#### Input data:
◆ ◆ ◆ ◆ ◆

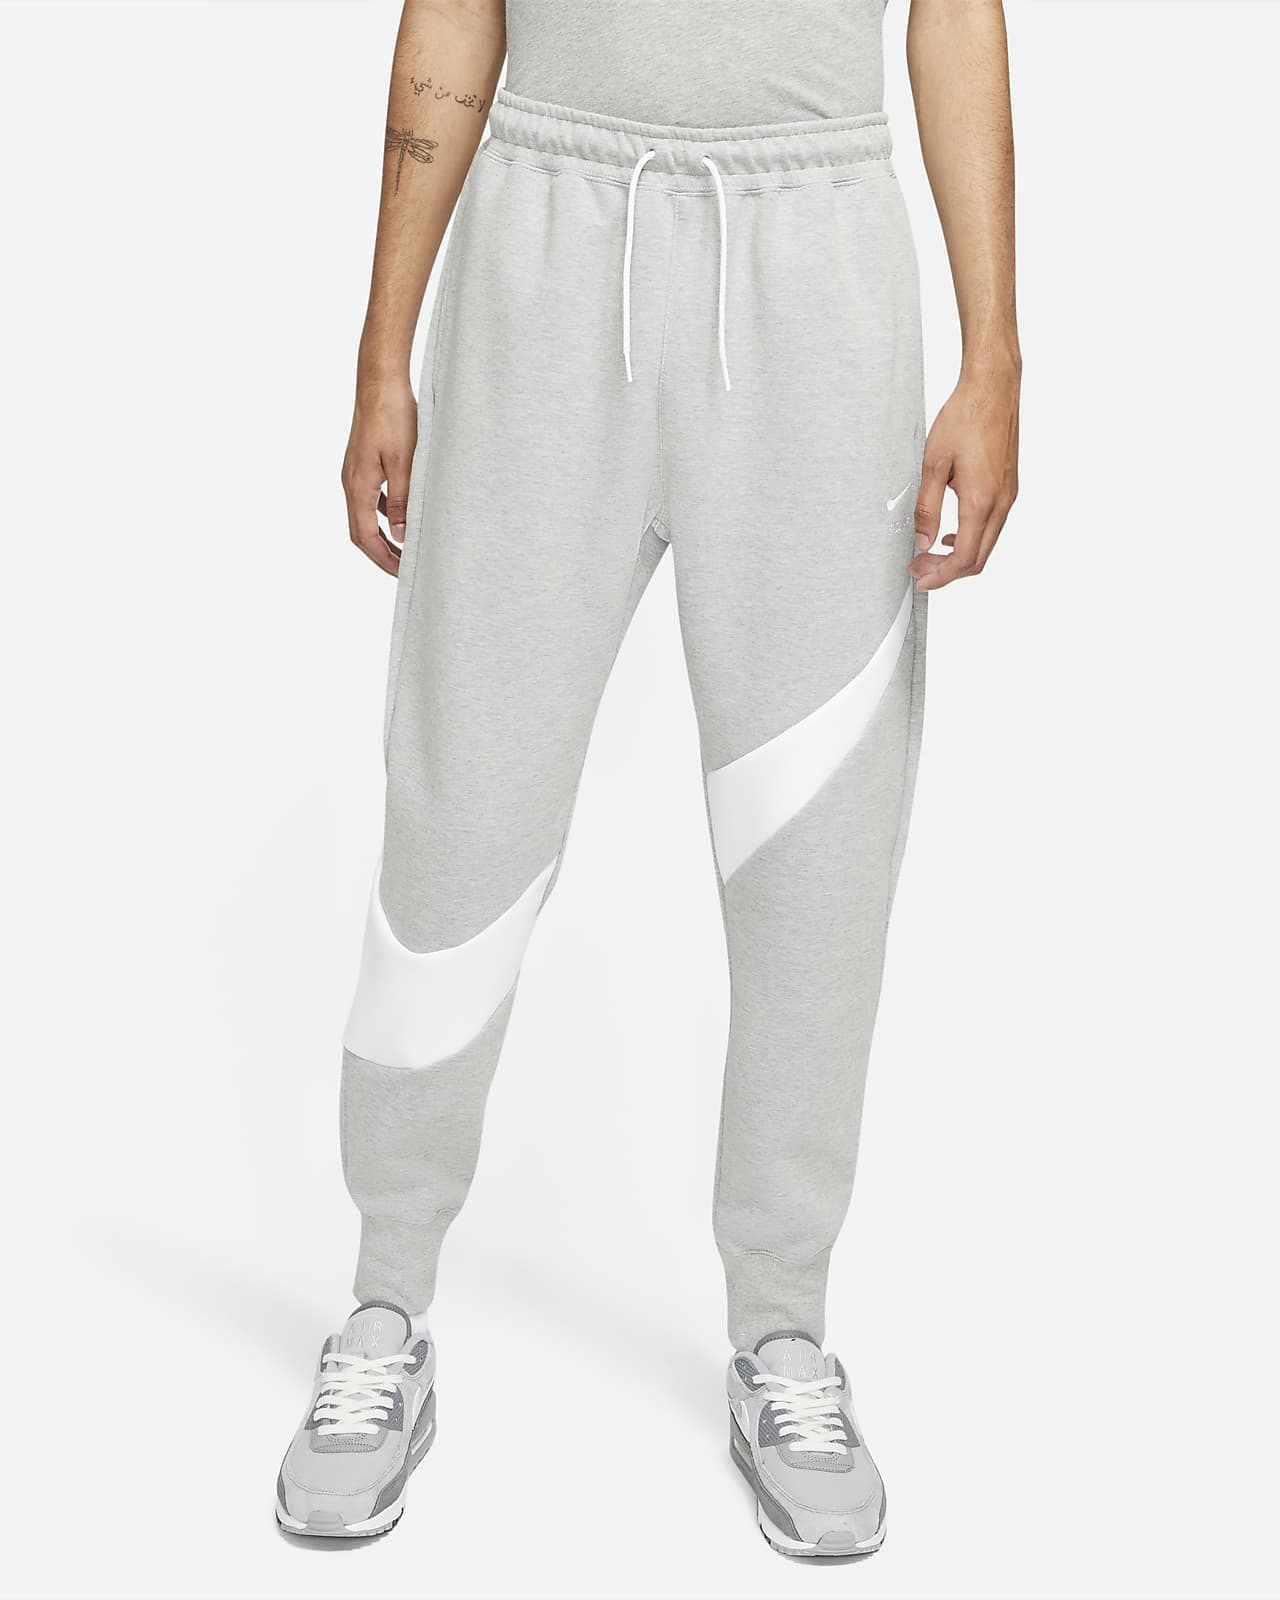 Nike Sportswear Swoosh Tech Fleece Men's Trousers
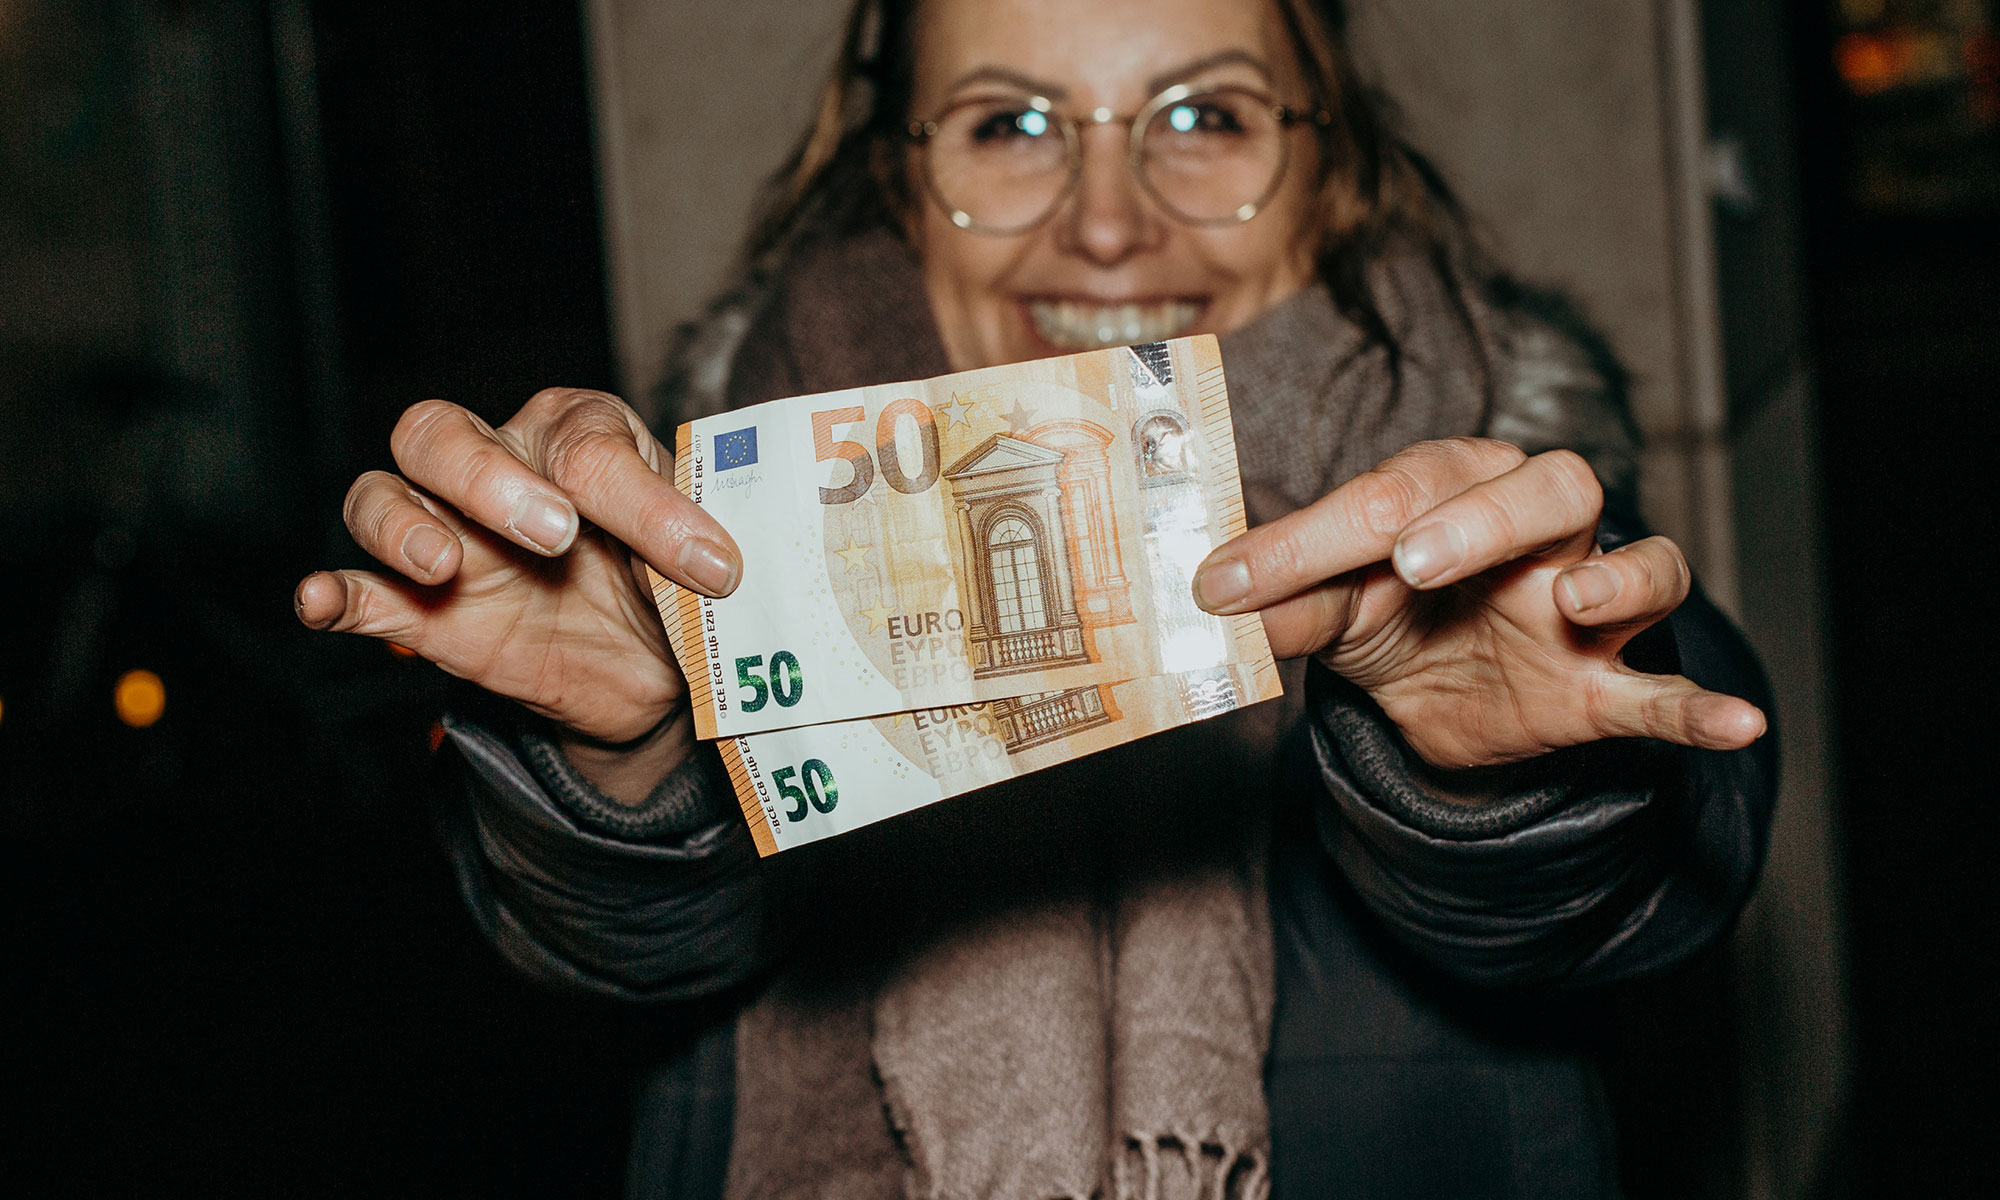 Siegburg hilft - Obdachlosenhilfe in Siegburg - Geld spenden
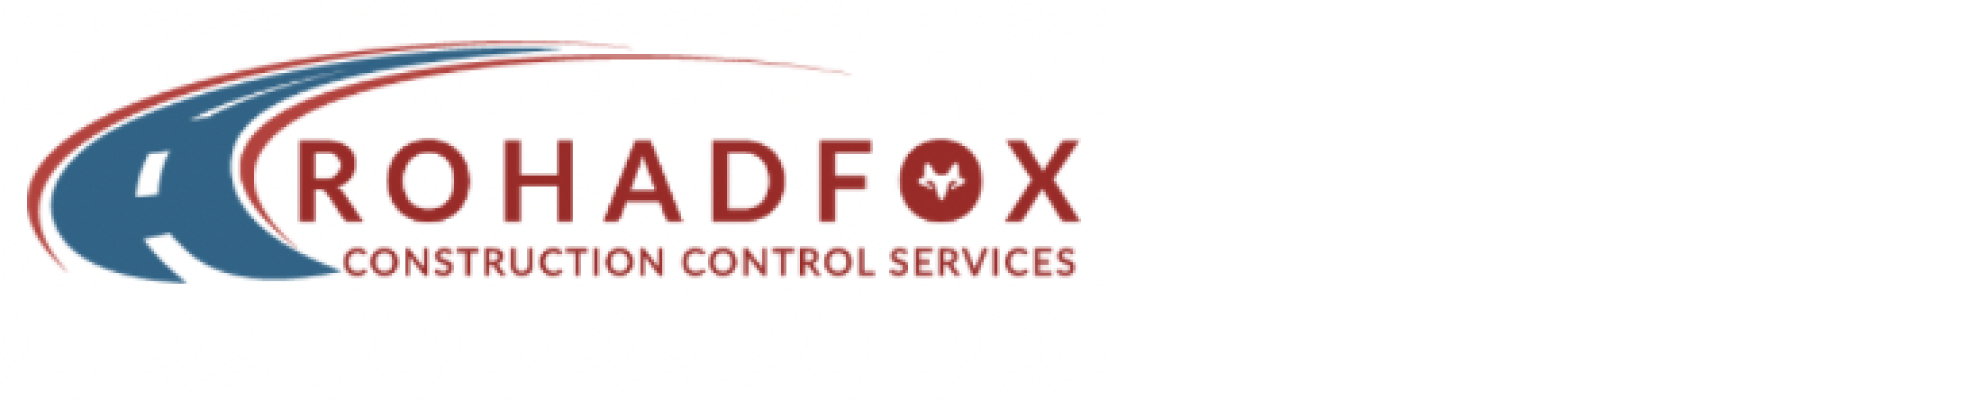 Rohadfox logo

◆ ◆ ◆ ◆ ◆

#### Exercise description:
Everything in the listing except the pictures must be reproduced exactly.

#### Exercise response:
 Nike Sportswear Swoosh Tech Fleece Men's Trousers
 Siegburg hilft - Obdachlosenhilfe in Siegburg - Geld spenden
 Rohadfox logo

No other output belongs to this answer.